Here is  using Masahiro Tanaka in 2022 as an example. His results are as follows.

BB+HBP (excluding intentional walk): 33
Strikeouts : 126
BIP: 495
HR: 16

Applying these to the xRA formula yields xRA=3.32.
If we calculate the xRA for an increase of one more strikeout and measure the amount of increase, we get 3.35 - 3.32 = 0.03.
Since the number of innings pitched is 163, converted to the number of games, 163/9 = 18.1.
Therefore, the increase in runs is 0.03 × 18.1 = 0.54.
The same calculation is performed for all pitching events,

4 dead balls: 0.54
Strikeouts: -0.22
HR: 0.54
BIP: 0.00

The loss in runs scored for walks, HRs, and strikeouts should be roughly equal to the respective coefficients in the tRA formula, but there is a divergence.
This seems to be the result of the adverse effect of approximating the live-ball rate by the on-base percentage.
When calculating xRA, it is important to keep in mind that such errors are included.

Finally, the results of a similar calculation for Akira Sasaki in 2022 are shown below.

Killed by pitches: 0.45
Strikeouts: -0.14
HR: 0.45
BIP: 0.03
RA: 2.16
xRA: 2.13

It can be seen that the value of runs scored on walks and HRs has decreased. In an environment with fewer baserunners, the impact of walks and homers on score creation should be smaller, and the xRA reflects this effect.

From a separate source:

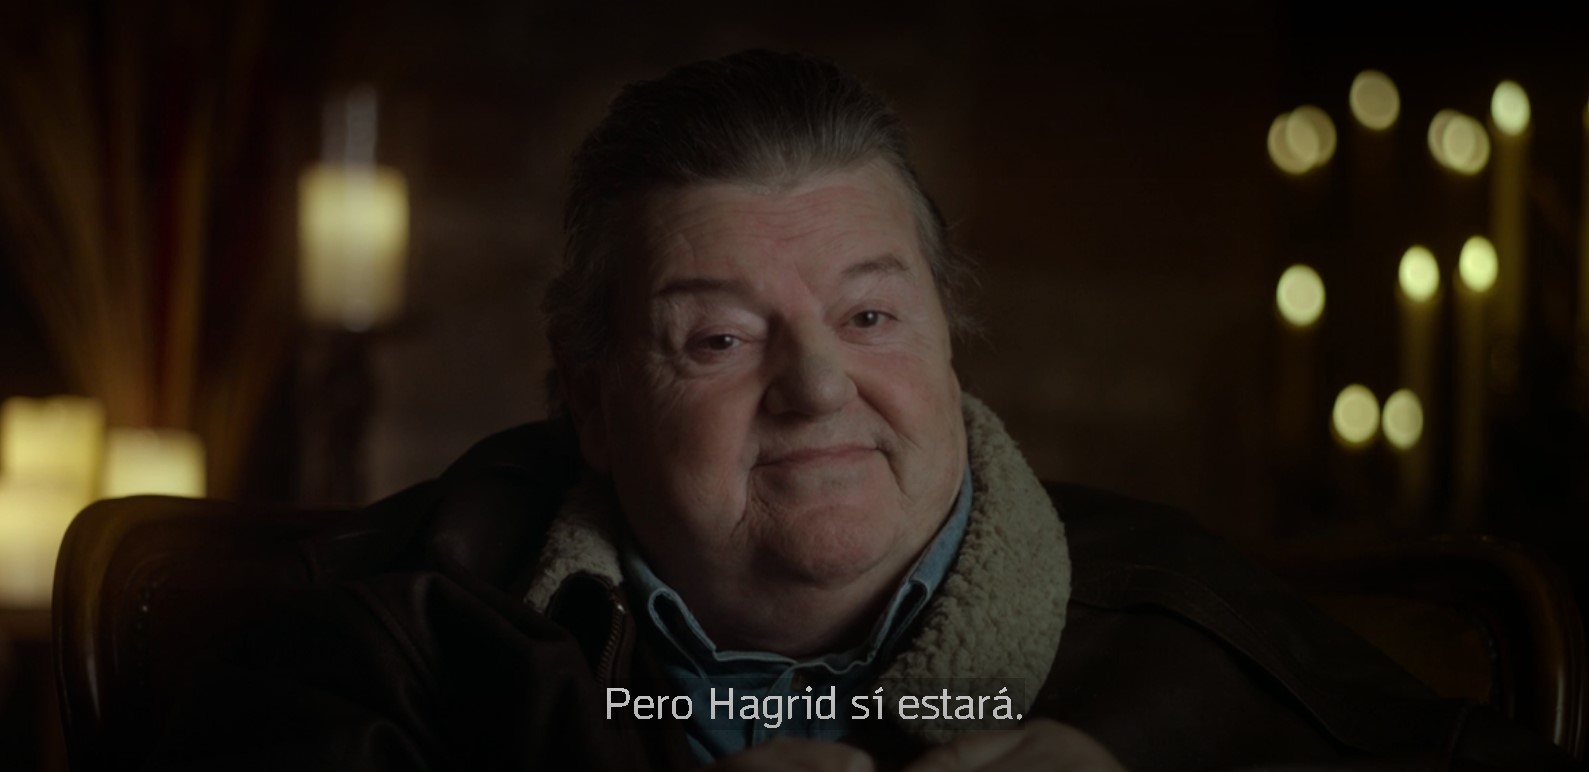 Fallece actor que interpretó a Hagrid en la saga Harry Potter

On the other hand, the value of runs scored in BIP has increased slightly, suggesting that in an environment with depleted baserunners, 30% of outs have a greater impact on runs scored than 70% of outs. The results of this study are as follows.

The same idea for strikeouts as for walks and homers should be applied, and the deterrent effect of strikeouts on runs scored should be smaller in an environment with fewer baserunners.